But your solution isn't going to help much. In twenty years, do we even have a computer that is capable of reading the old floppy disks? Most computers these days don't come with a floppy drive and the new mac mini doesn't even have a CD drive. Sure USB may be around, but twenty years ago you would have said the same thing about the 3.5inch floppy.
Really if you want to store source code like that, you would have to print it physical paper and store it in a massive archive. And how would you handle changes?
Do you want to print everything each time you do a svn commit? Or just the diff (yeah, that is going to be fun to type in)?
A central server, properly organized and upgraded would properly be the best, but even so it is never going to be very good. In a world were the price of data is very close to nothing, good metadata seems increasingly expensive.
Just as hard with software, whatever version control system is used...
Who is going to remember the culture of old-but-still-running Ruby on Rails apps in 30 years time, when even Node.js isn't fashionable any more ;)
That would include BitKeeper --- copies were available for a few years at no cost to Linux kernel developers, but only on increasingly restrictive terms, which McVoy ultimately wound up revoking altogether. IIRC, Linus released the first embryonic version of git within weeks after McVoy withdrew the free-as-in-beer version of BitKeeper.
The resulting debacle was fairly ridiculous; Linux chastising Andrew Tridgell, continued flamewars about using a closed-source product.
What I find interesting here, though, is just how much hot water McVoy landed in. He gave away free licenses to Linux developers, then when someone in that community started reverse engineering his product with the intent to replace it, he revoked the free license, leading Linus to develop a replacement anyway -- one that has largely consumed the vast majority of BitKeeper's target market.
People often complain about the idea of using version control for large binary files, as if it is unreasonable to want such a thing, and that as a point of principle version control systems should contain only text files, and the fact that many version control systems support this poorly is proof that you don't want it anyway. But there are actually people who create, with their own hands, large binary files, often of the completely-unmergeable variety, and they deserve version control just as much as the programmers do.
(And then once you have a system that works well for them, you can then use it to solve all manner of problems that might previously have involved storing files in public folders, mailing them round, or maybe just waiting for them to compile again. No need for any of that crap any more - just check the files in, they're there forever, and you can get them back quickly.)
It is, in the sense that a decentralized VCS is, essentially, a superset of a centralized one.

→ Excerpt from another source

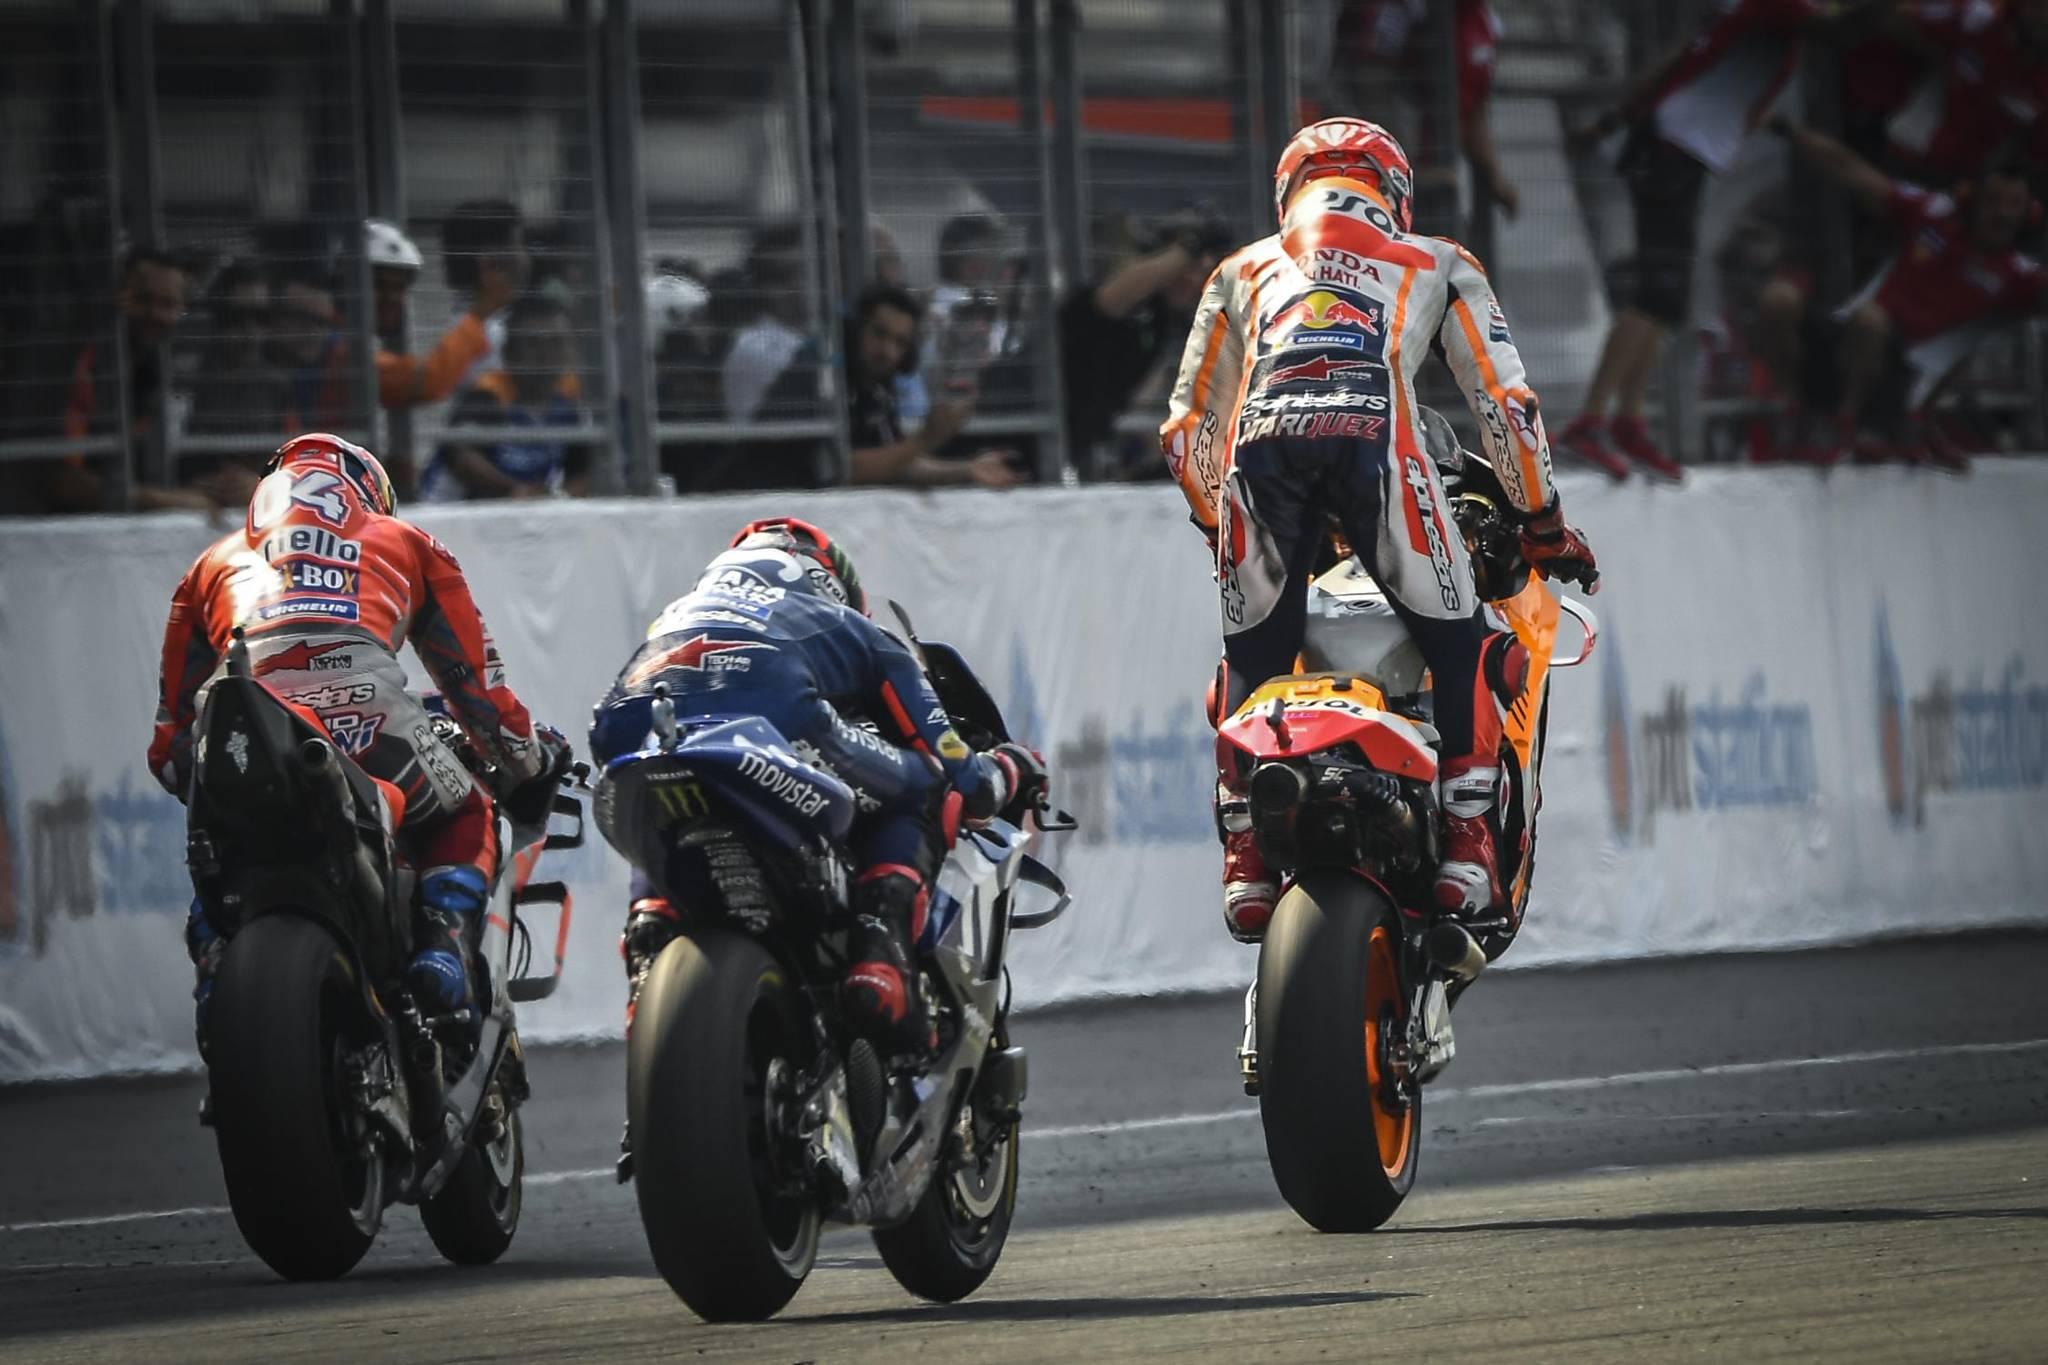 Moto_GP_2018_Thai_GP_Xe_Tinhte_006.jpg

Blobs are certainly still an issue, though orthogonal to distribution (I don't think you intended to imply it was related, but it could be read as if you did).
Distributed systems rely on allowing people to (in effect) create multiple versions of the same file, and then merge them all together later. But it's very rare that binary files are mergeable! And if the file can't be merged, the distributed approach won't work. People will step on one another's changes by accident, and people will have to redo work.
The usual solution is simply not to allow multiple versions to exist: enforce some kind of locking system, so that each editor has to commit their changes before the next one can have a go. But now you need some centralized place to store the locking information...
I think that the GP used the phrase correctly, but not being a native English speaker myself, I'm not entirely sure.
But the author addresses the point anyway:
> I’m not recording the first time anyone made the astonishing thing, but the first time it was productised and became popular.
But that said, git really isn't very similar to bitkeeper except insofar as it enables distributed development. Both model development as a forest of independent developer trees which communicate with each other through merges. But bitkeeper is still a traditional centralized server keeping a bunch of delta'd files.
The decision bitkeeper made to keep files in SCCS format was of course not revolutionary, but tells you quite a bit about the target market (people who had makefiles that relied on implicit commands like get just working). They went to extra effort to make it look just a bunch of delta'd files.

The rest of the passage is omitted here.